Governments have the authority to pass tax laws that address specific situations
or prevent abuse and tax evasion. However, when tax laws do intersect with
contracts, it is generally done within the confines of the legal system and with
due consideration for the rights and expectations of the parties involved.

3. A violation of the basic principles of a sound tax system does not necessarily
invalidate the entire tax law. Tax laws are complex and contain many provisions
that cover various aspects of taxation. Typically, no. Sound tax principles are
only general recommendations. However, a violation of the theoretical justice
principle may lead to the invalidation of a tax law due to a constitutional
requirement that taxation be uniform, equitable, and based on a progressive
system, not because of a violation of the canon of taxation.

4. The broad principle that "Government is exempt from tax" states that the
government itself is not compelled to pay taxes on its operations or income in
many nations. There are a few exceptions to this generalization, wherein
governments or other governmental bodies might be charged specific taxes.

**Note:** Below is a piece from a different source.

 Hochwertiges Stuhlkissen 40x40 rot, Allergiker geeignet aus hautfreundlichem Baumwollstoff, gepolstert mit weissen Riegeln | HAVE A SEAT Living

Listed below are a few typical exceptions like sales taxes, specific taxes, and
non-profit organizations. It's vital to keep in mind that the particular taxes that
governments must pay depend on the legal system and tax regulations in each
nation. Regarding the taxes of governmental entities, each jurisdiction may have
its own set of regulations. Republic Act (RA) No. 8424's Section 27 C), also
known as the Tax Reform Act of 1997, which took effect on January 1, 1998, all
government-owned and controlled corporations, agencies, or instrumentalities—
with the exception of the GSIS, SSS, PHIC, PCSO, and PAGCOR—are required
to pay such a rate of tax on their taxable revenue.

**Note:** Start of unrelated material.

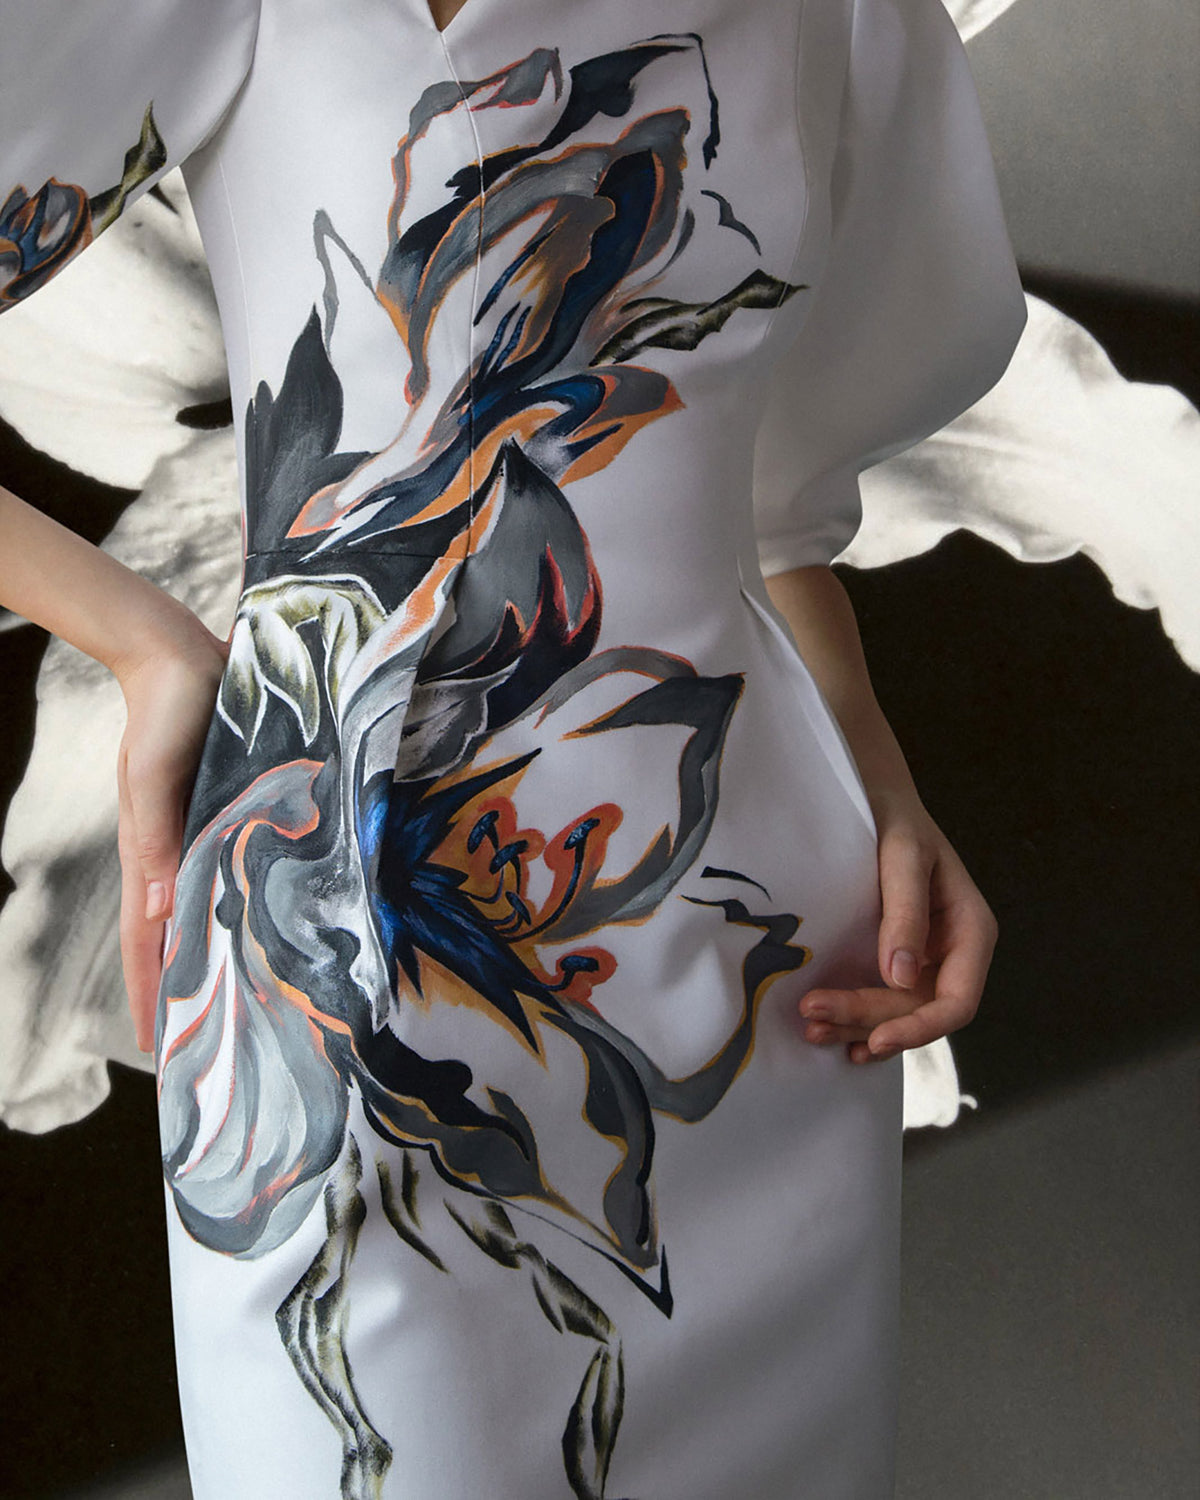 Robe mi-longue à manches volumineuses peintes à fleurs Amaryllis

5. In order for a tax to be legal, it must adhere to the principle of uniformity, which
states that taxpayers who are in comparable situations should be treated equally
under the law. In other words, it means that companies or people with
comparable financial situations should receive equal tax treatment. The notion of
uniformity is crucial for ensuring fairness and equity in taxation. It stops
discriminatory actions and makes sure that the tax burden is shared fairly among
all taxpayers. It implies that people or companies with comparable income levels
or property values need to be subject to the same tax rates or regulations. The
principle of uniformity dictates that persons with the same income should be
subject to the same tax rate, for instance, if a nation has a progressive income
tax system where tax rates rise with income levels. Similar to this, the concept of
uniformity dictates that properties with similar values should be subject to the
same tax rate if a property tax is based on the value of the property.